There were no Queensbury Rules of fighting a guerilla war during the French and Indian War.  As good as Rogers’ Rangers were, they didn’t always win the day.  In January 1757, Rogers led a 74-man company in an ambuscade near Fort Carillon (near the narrows along the southern region of Lake Champlain).[8]  After capturing seven prisoners, a force of around 120 French regulars, militia, and allied Indians attacked Rogers.  The strength of the attack forced Rogers to withdraw.  The French killed fourteen of Rogers’ men, took six as prisoners, and wounded six others.  It was only through his use of snowshoes that Rogers and his men escaped without further casualties.

Later that year, a company of rangers was stationed at Fort William Henry when the French placed the fort under siege.  When the British commander realized that his fight was over and surrendered, the French massacred every British regular and militia soldier, including Noah Johnson’s Ranger Company of sixty men.

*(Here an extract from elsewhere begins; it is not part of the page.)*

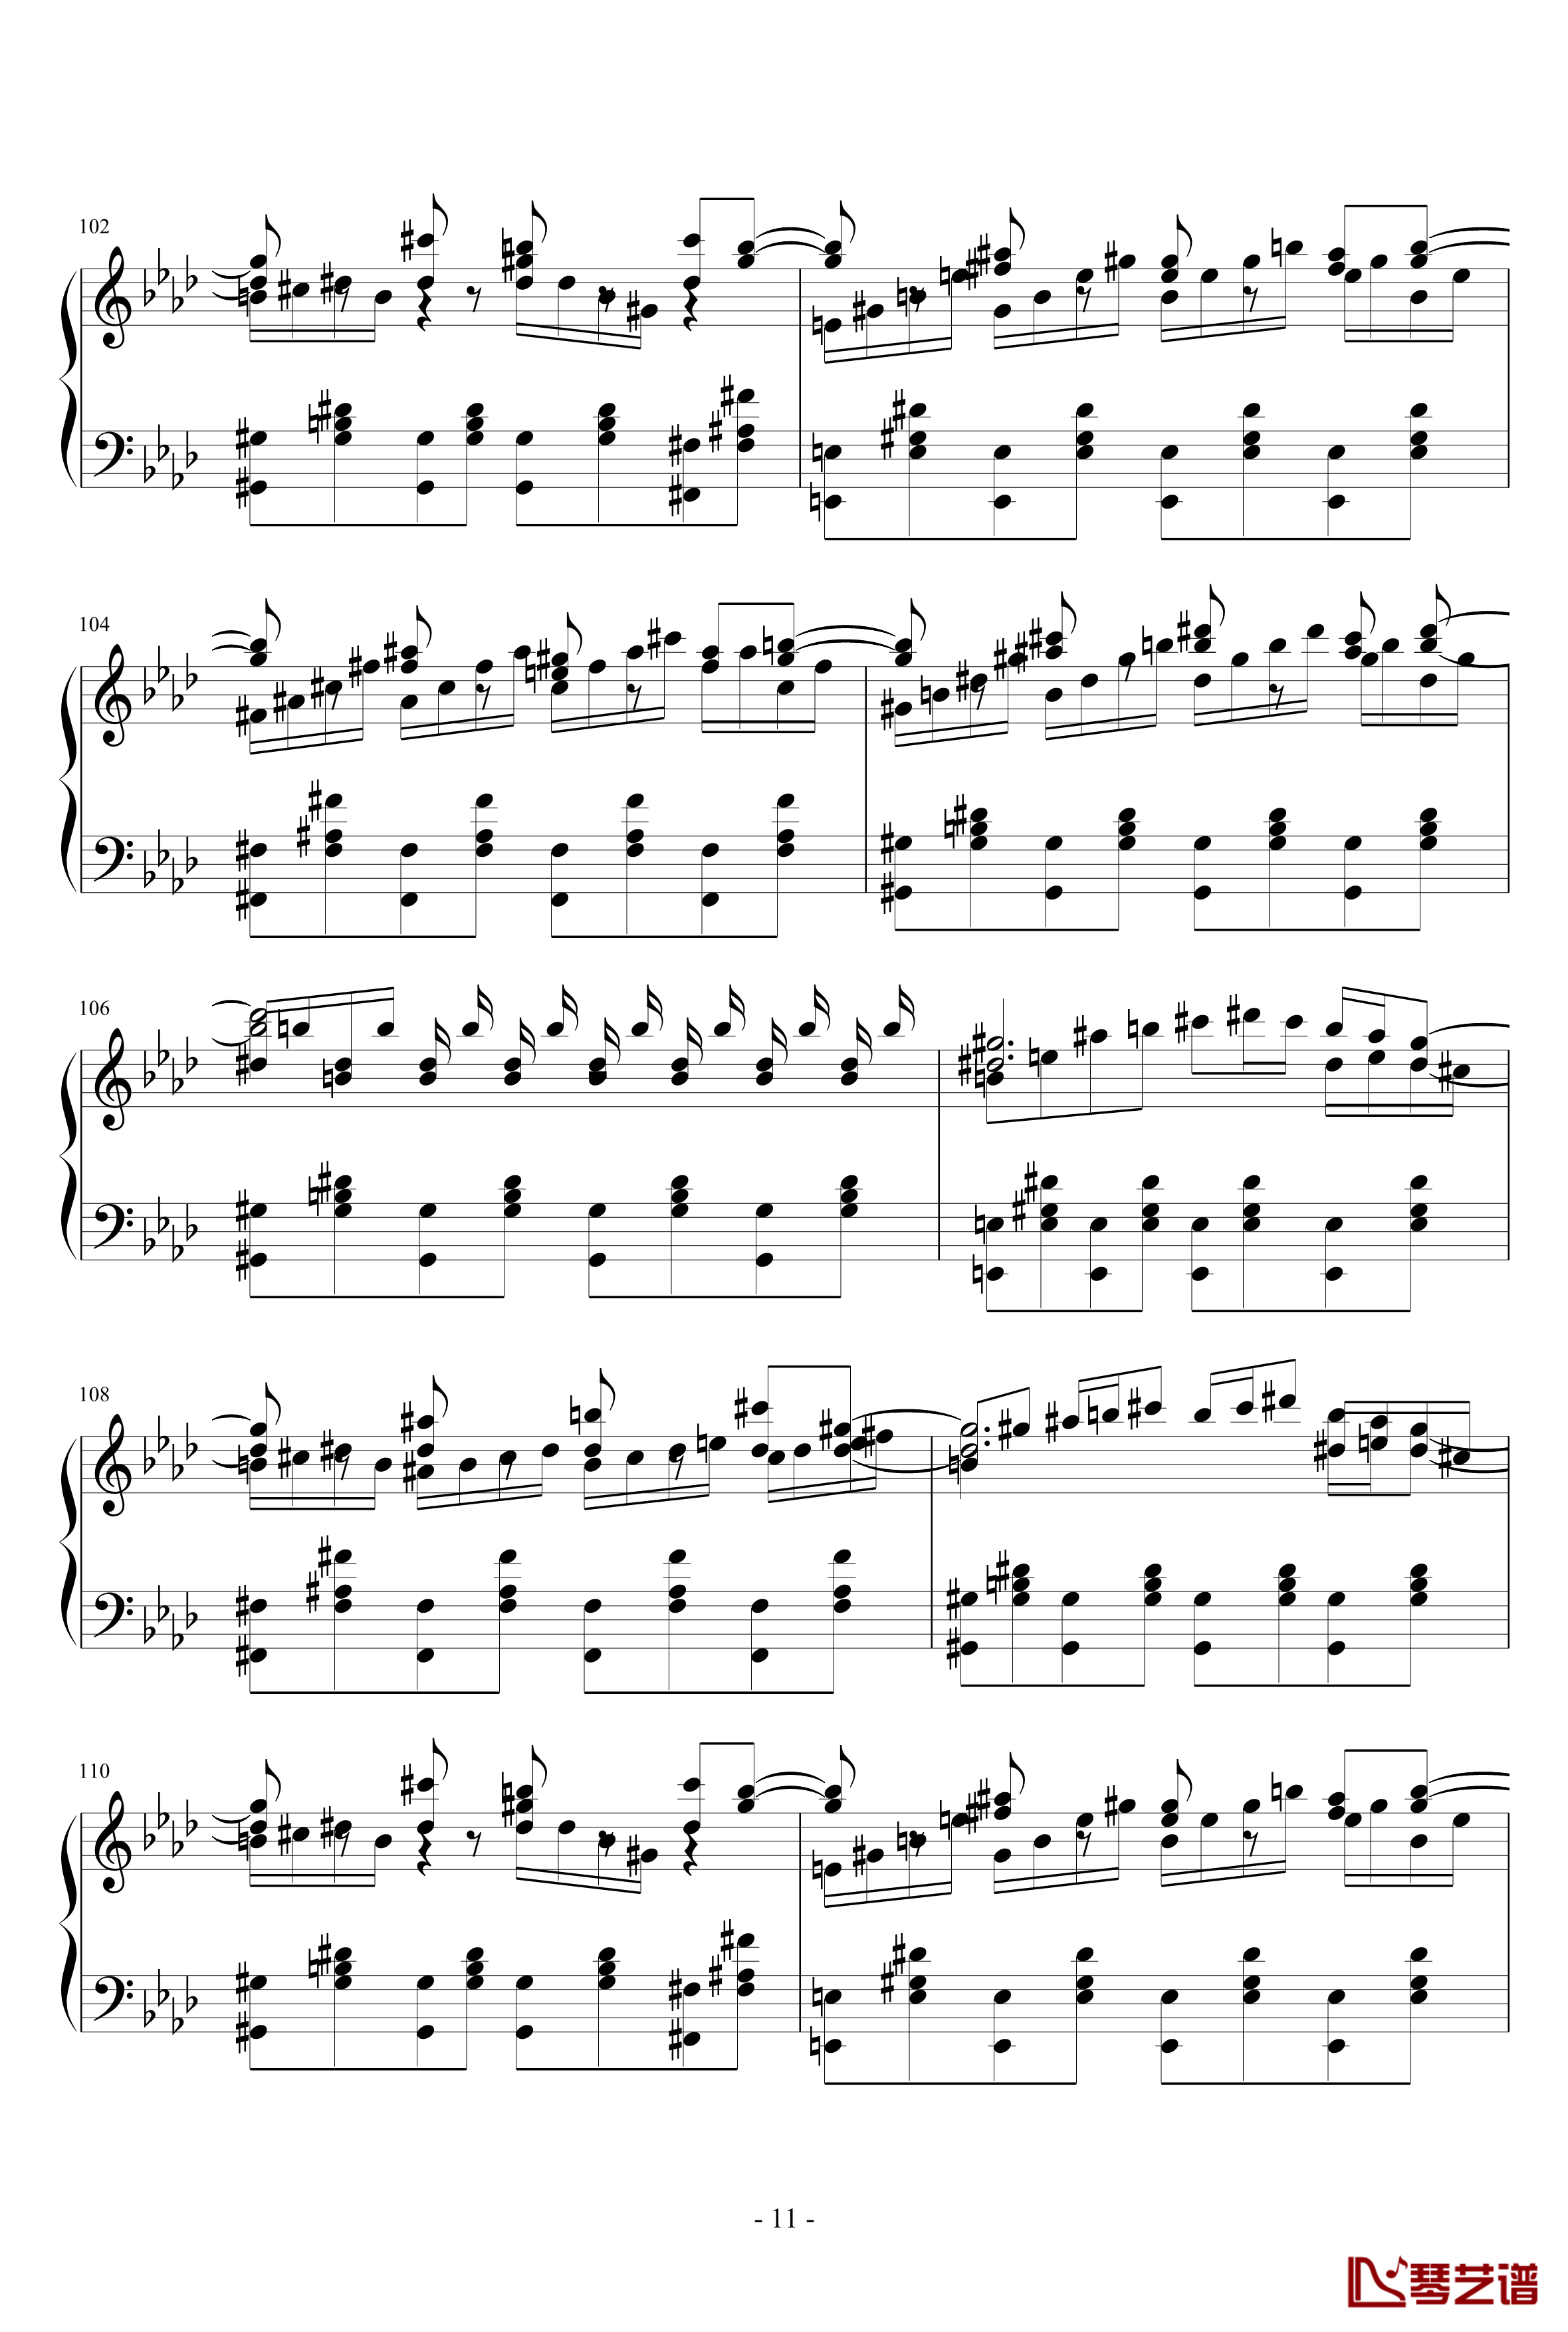 ネクロファンタジア钢琴谱-HARD-八云紫-东方project11

In March 1758, another company of rangers attacked a French and Indian column, but once again, the rangers took heavy casualties, losing 125 soldiers killed, eight wounded, and 52 surviving through rapid withdrawal.

In May, four companies of rangers (around 500 men) went ashore at Dartmouth, Nova Scotia, during the siege of Louisbourg.  Three companies of Rogers’ Rangers and one company of Gorham’s Rangers.  While conducting search and destroy operations, the rangers encountered over a hundred French and Mi’kmaq warriors.  In the ensuing fight, Rangers killed fifty and took 70 more captives.

In July, Rogers’ Rangers took part in the Battle of Carillon.  Some two-hundred French Canadians and three-hundred Indians attacked a British convoy, killing 116 and capturing 60 men.  A month later, at Crown Point, a French force of 450 men attacked a smaller force of British light infantry and provincials.  Ranger Captain Israel Putnam was one of the men captured.  The British lost 49 killed in this battle but claimed 100 or more dead French and Indian allies.  Putnam was later saved from burning at the stake by the intervention of a French officer.[9]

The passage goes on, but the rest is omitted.